AutoDwell is a deep neural network-based policy, aiming to dynamically schedule trains’ dwell time for the efficiency improvement of a metro system. To make a proper dwell decision to a train for its next station, the policy models spatio-temporal correlations of incoming passengers for all its related stations and the interactions between the train and trains on the same line.
We propose to use deep reinforcement learning (DRL) framework to learn the policy. Taking advantage of DRL, we optimize the long-term rewards of dwell time settings which are formulated by weighting the passengers’ waiting time on platforms and the journey time on trains.
Figure 1 (a) shows the architecture of the network, which consists of three components:
- A train feature extractor to capture interactions between the current train and other trains on the same line based on the train state (see Figure 1(b) for the structure of the component).
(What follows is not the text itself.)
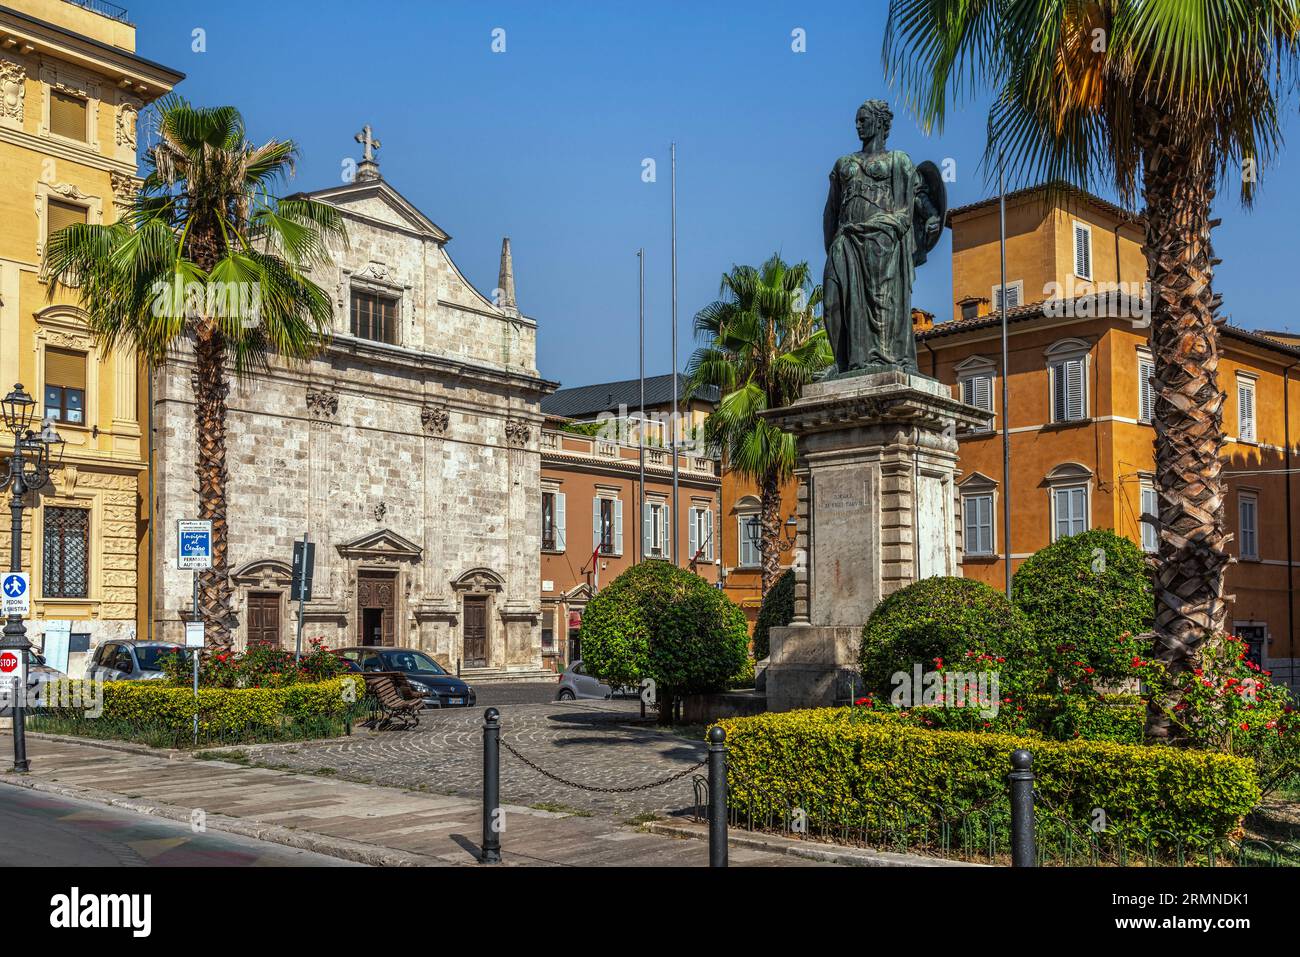 Nel centro storico di Ascoli, piazza Roma con la chiesa di Santa Maria della Carità e la statua commemorativa dei caduti della grande guerra Foto Stock
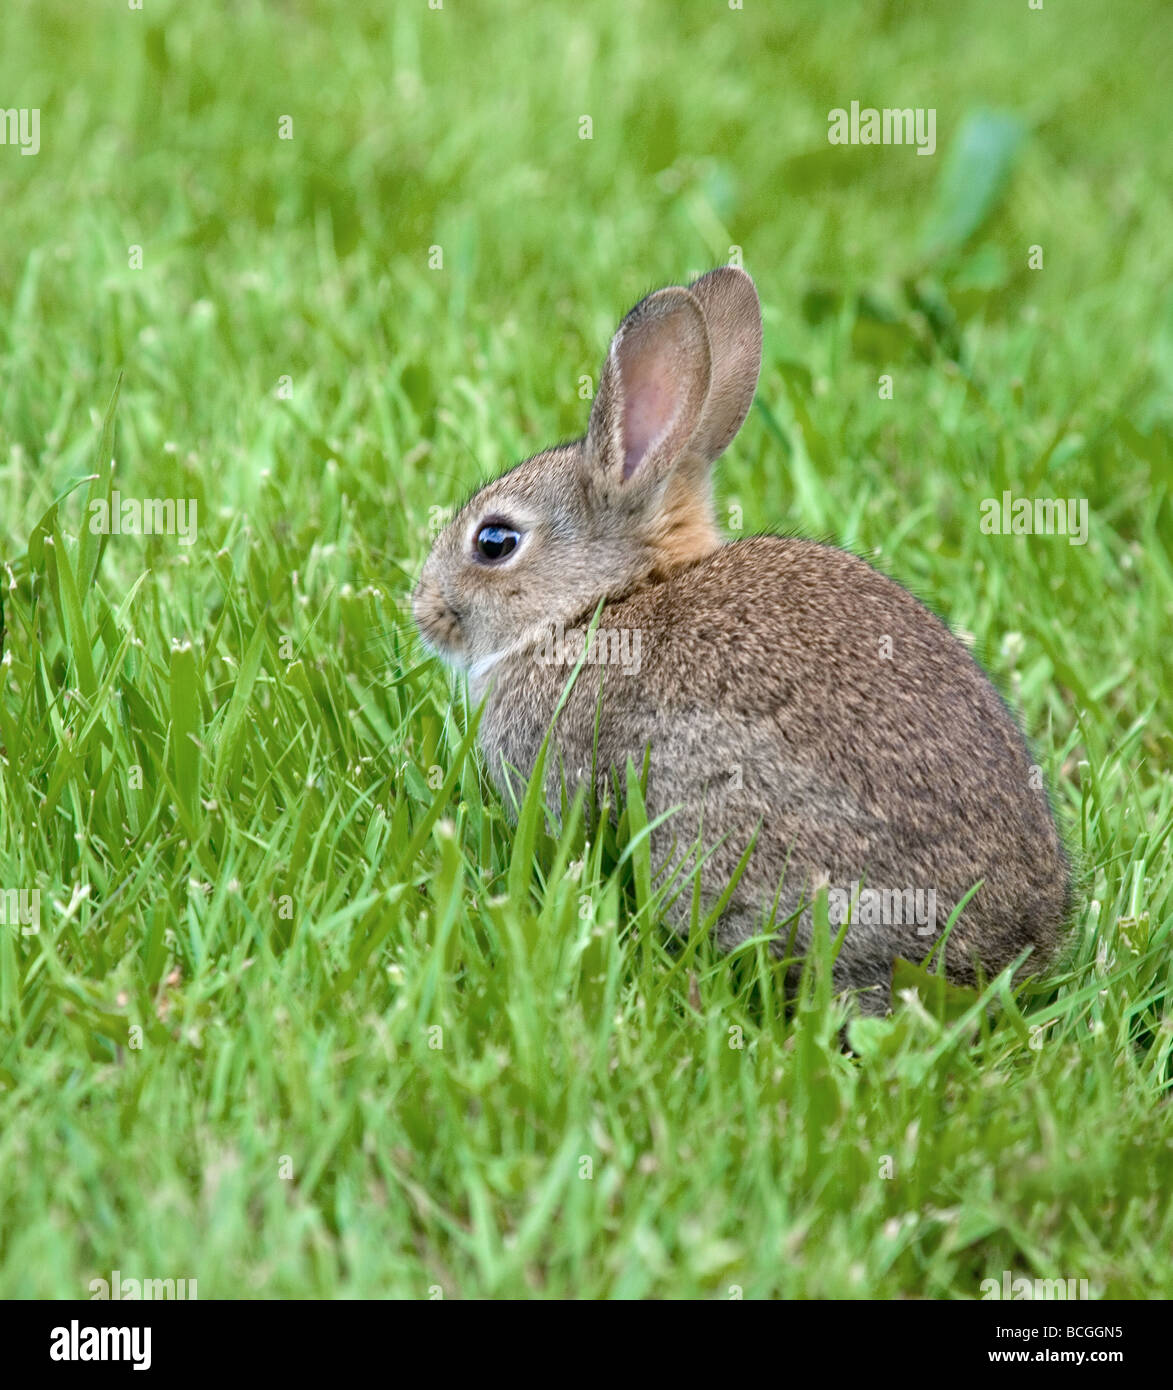 Jeune lapin européen Oryctolagus cuniculus se nourrissant d'herbe de printemps Banque D'Images

- A passenger feature extractor for embedding the upcoming passengers’ information among the passenger state by considering and weighing the ST correlations among all these subsequent stations of the train (the structure of the component can be found in Figure 2).
- A fusion network to fuse the two parts of knowledge and accordingly provide Q-values for actions.
Figure 1 (a) Overview of AutoDwell; (b) Structure of the train feature extractor.
Figure 2: (a) An example of metro system. (b) Overview of the passenger feature extractor; (c) Structure of the transfer station learner.